D) The peak height recorded by the detector is proportional to the analyte concentration.
Flow diagram for colorimetric assay of chloride
Colorimetric Assay of Chloride.
Each sample injected four times.
In this, the simplest configuration, a chloride sample is injected,
by means of a two position valve, into a continuously flowing
carrier stream of reagent. As the injected zone moves
downstream, the sample solution disperses within the reagent, forming a reaction product. A flow through detector placed downstream records absorbance, yielding a readout within 15 seconds after sample ( S1) injection.
Example: Nitrate Assay
FI manifold for automated assay of nitrate with integrated cadmium column using sulfanilamide reagent.. The calibration record of 0, 2, 5 and 8 ppm nitrate is followed by a routine run of nitrate assay extracted from soil samples.
Example: Hydride Generation for Atomic Spectroscopies ( AA and ICP)
This method is routinely used for trace analysis of As, Bi, Ge, Hg, Pb, Se, Sn and Te. In addition, assay of volatile compounds of Ag, Co, Cu, Ni, and Zn has been reported. Separation of the trace metals from complex matrices, analyte enrichment, fast reaction speed, and ease of automation were first demonstrated by Astrom (1982) in his pioneering work on the FI-based hydride AA assay of bismuth. By combining an acidified sample stream with a strong
reducing agent (sodium borohydride), hydrogen and metal hydride are rapidly released, and the gaseous phase is separated with the aid of purging gas (air or argon) and swept into AA or ICP for detection.
Flow Injection or Air Segmented ( Auto Analyzer ) Technique?
Both techniques share the ability to process a wide range of wet chemical assays, expediently, while using an experimental setup that provides full automation of the solution handling operations. Automation removes the burden of manual repetitive tasks that otherwise must be carried out in a routine laboratory and improves reproducibility of serial assays.
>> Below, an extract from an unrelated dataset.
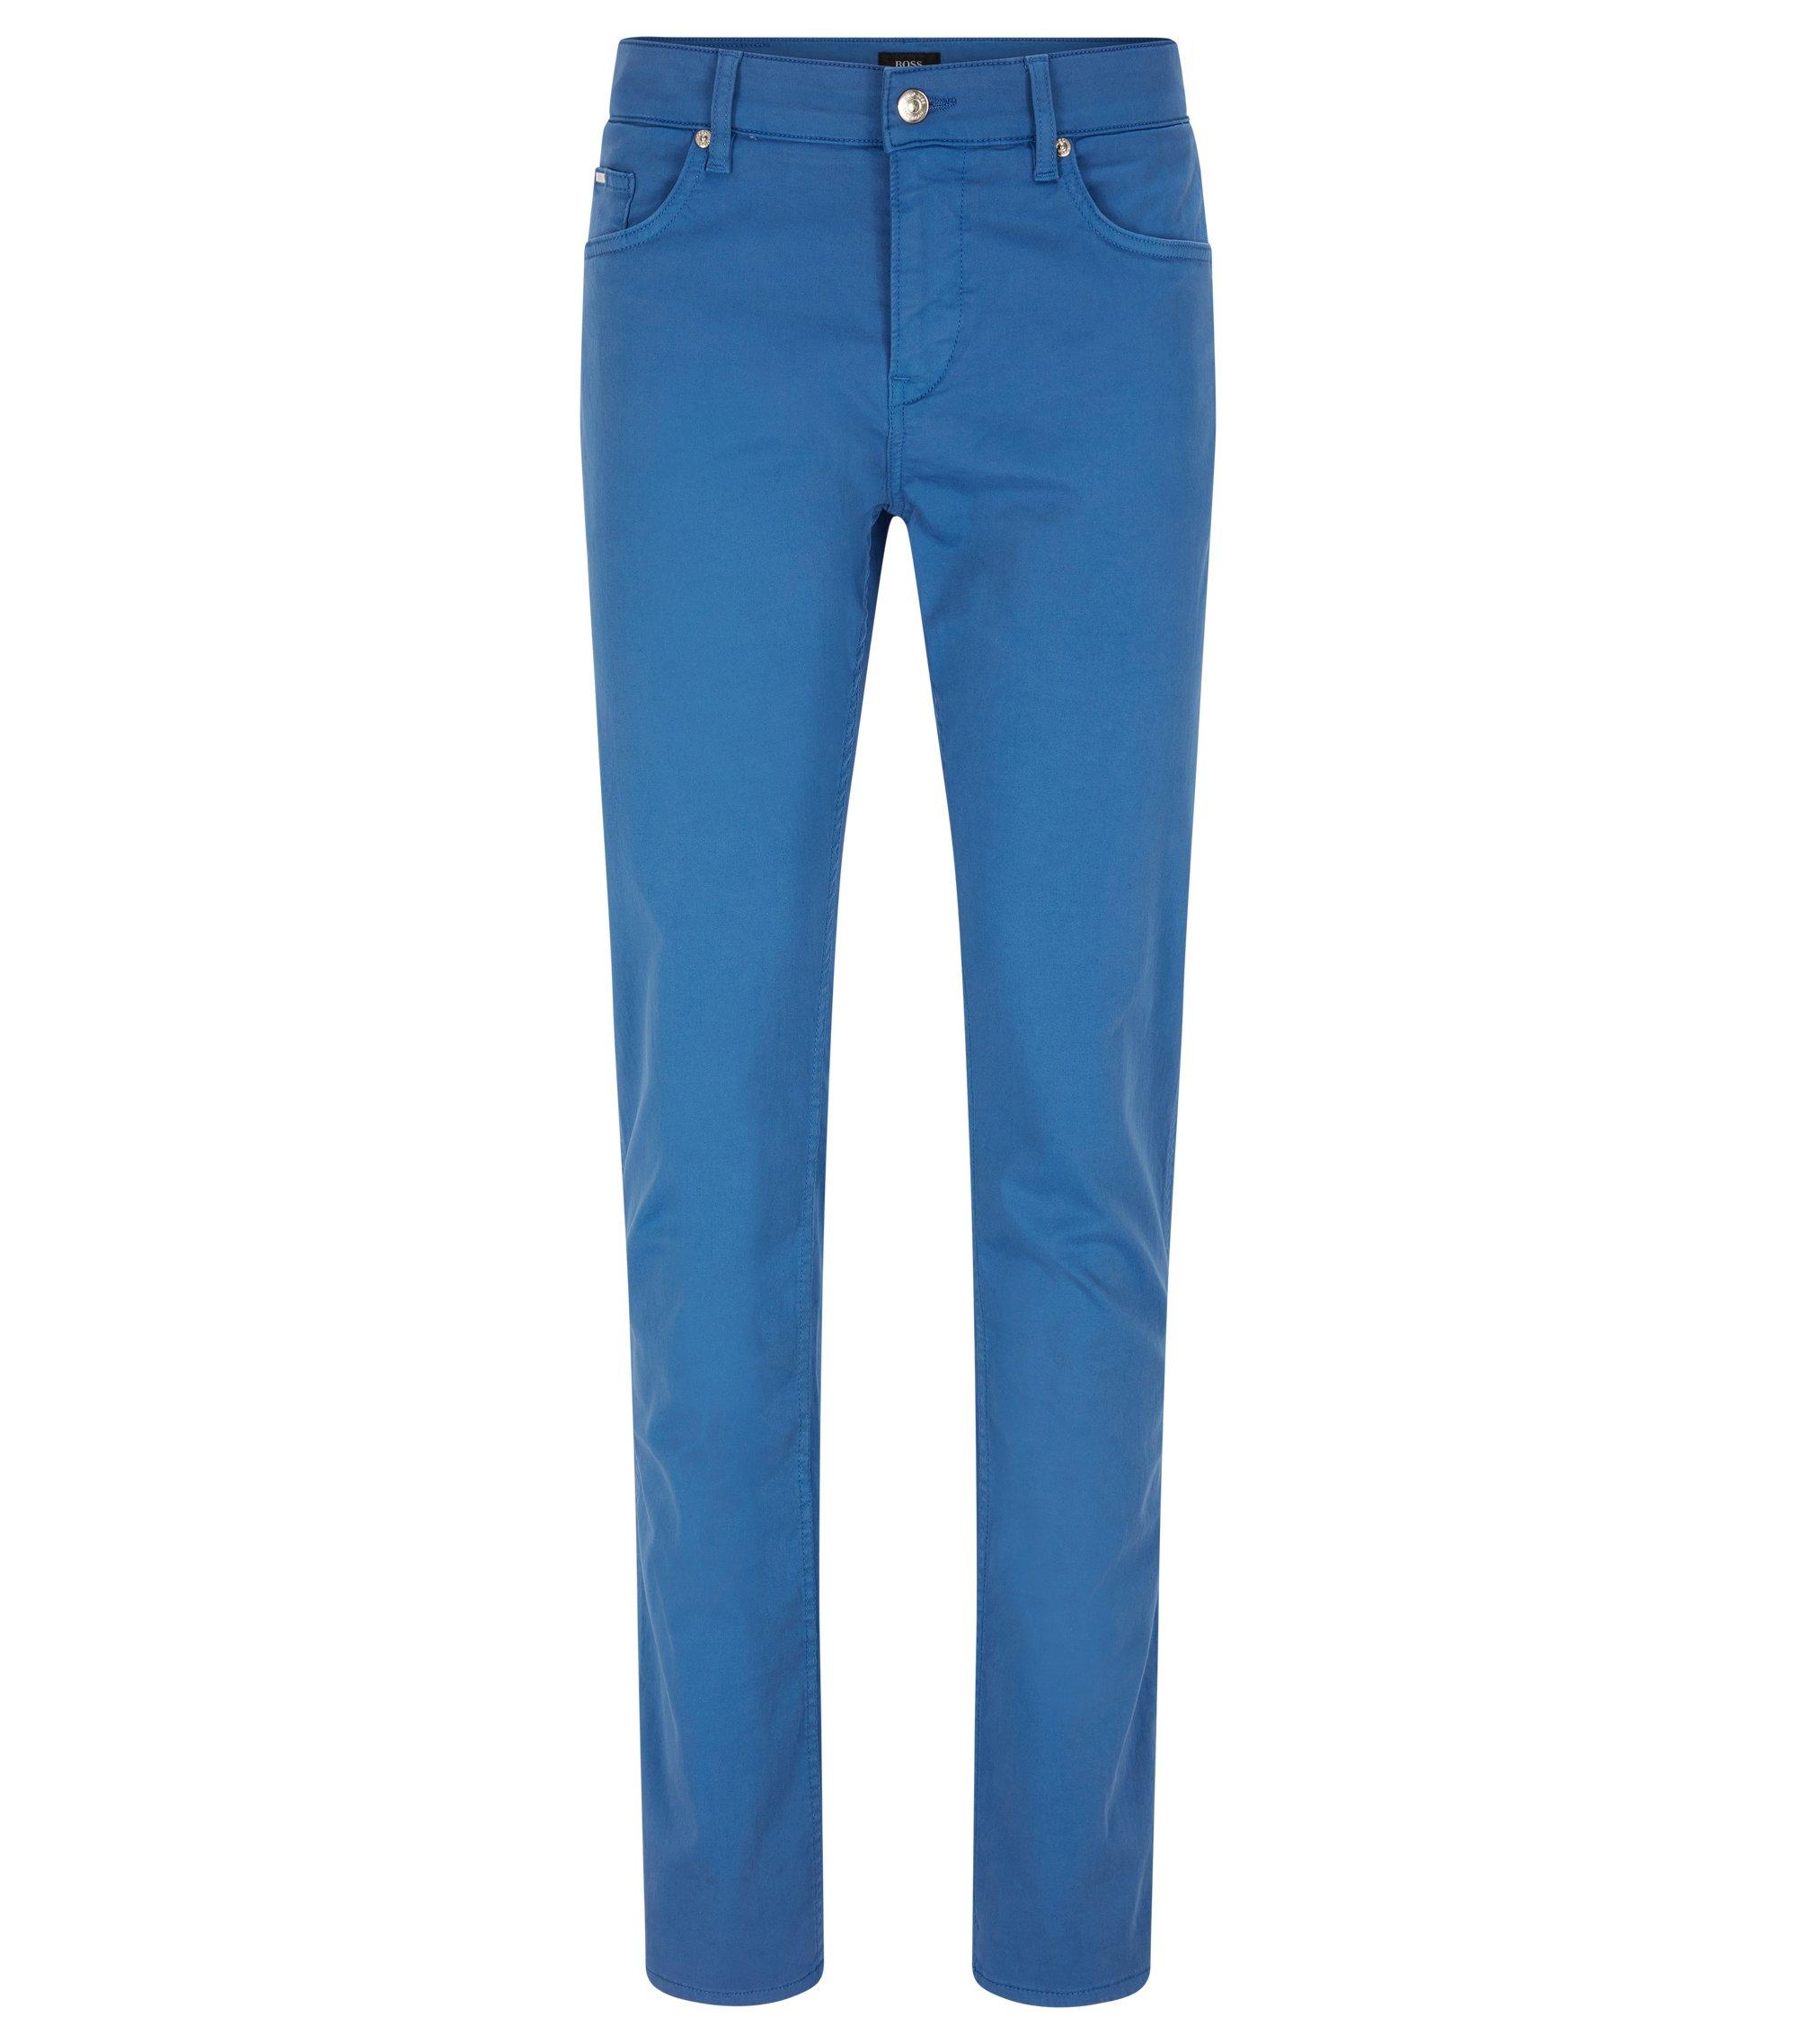 Jeans Slim Fit en denim stretch effet satin, Bleu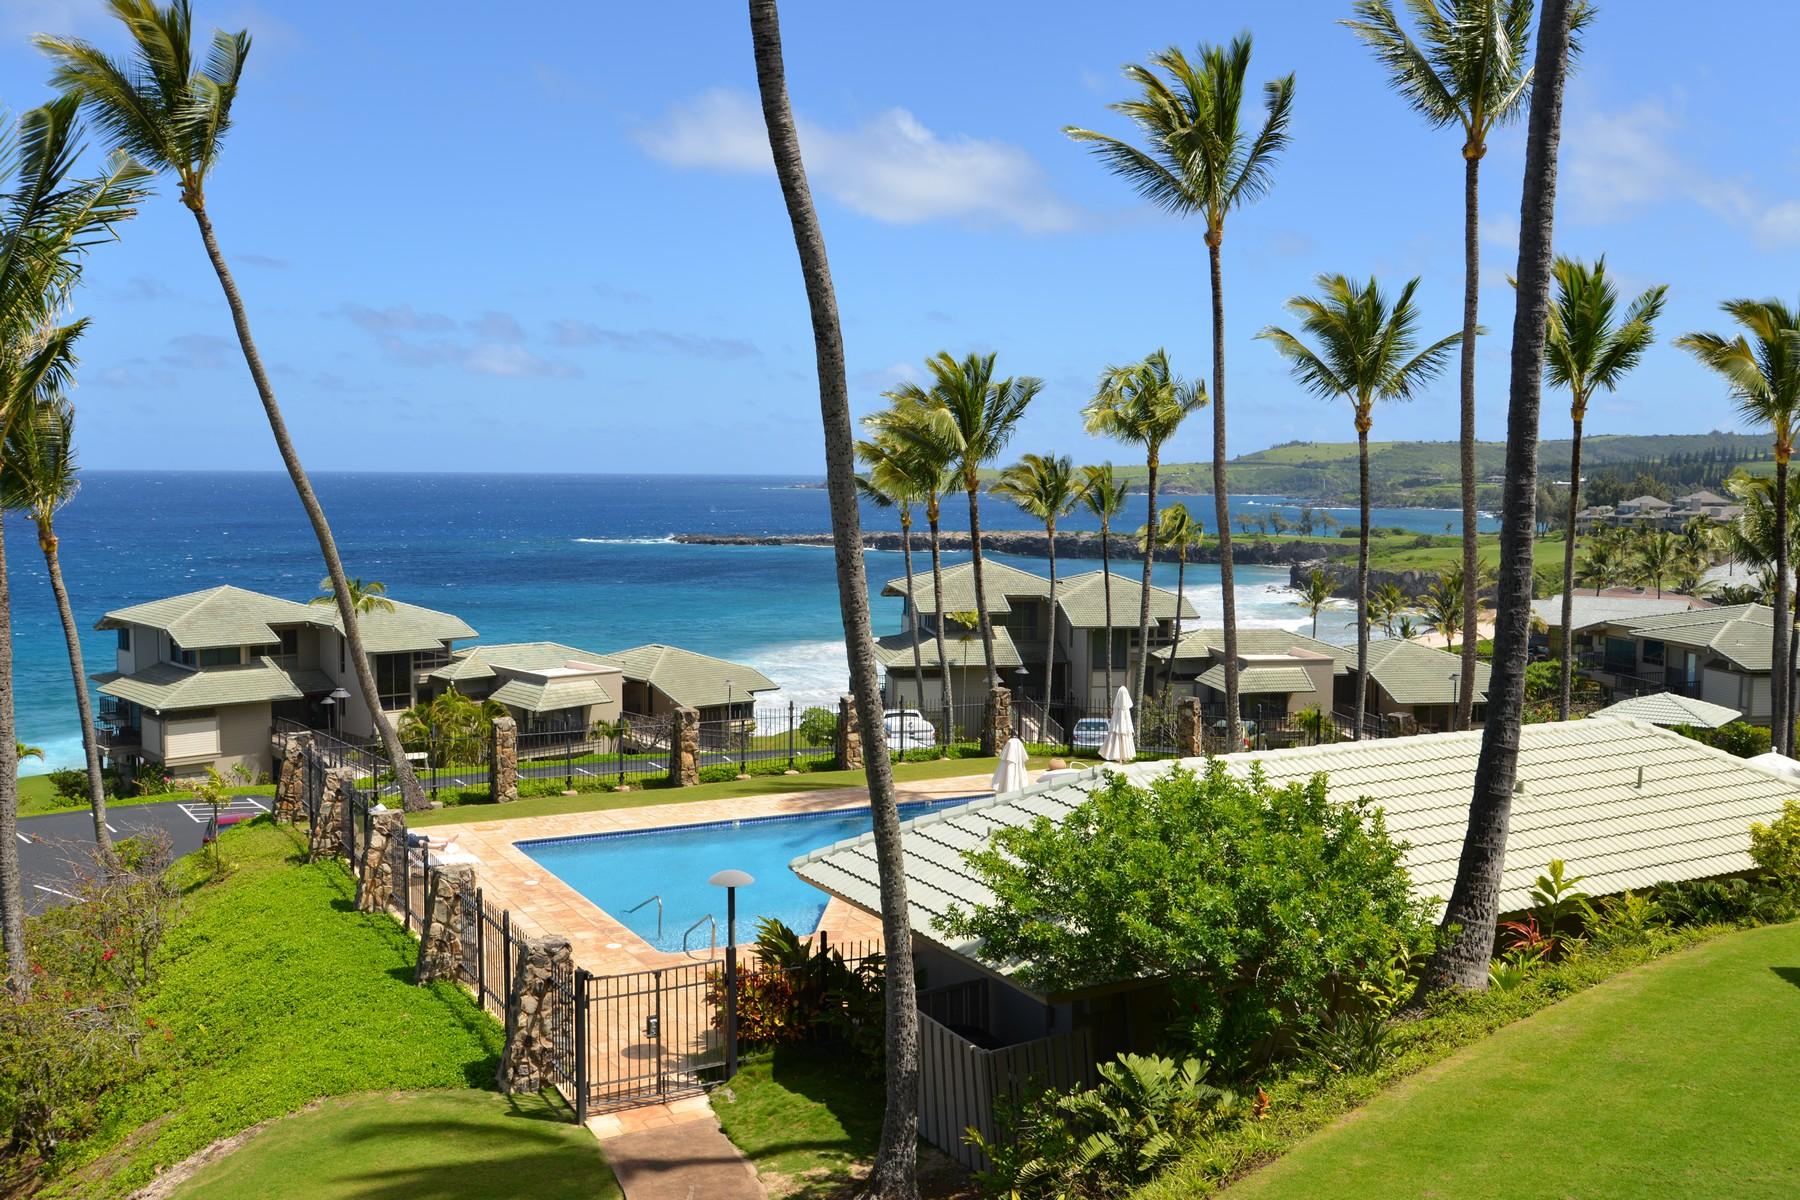 Condominio por un Venta en Extraordinary Kapalua Townhome with Inspiring Views 500 Bay Drive, Kapalua Bay Villa 15B3 Kapalua, Hawaii 96761 Estados Unidos

There are several reasons why FI replaced the Air Segmented ( Auto analyzer) technique and became the method of choice for routine and research laboratories. These are :
High sampling frequency: typically 2 samples / minute – or up to 6 samples / minute.
Short residence time: readout available within less than 30 seconds after sample injection.
Low sample consumption: typically 50 to 200 miroliters
Low reagent consumption: typically 1ml per assay
Small footprint: about 1/5 of a typical Auto Analyzer bench space .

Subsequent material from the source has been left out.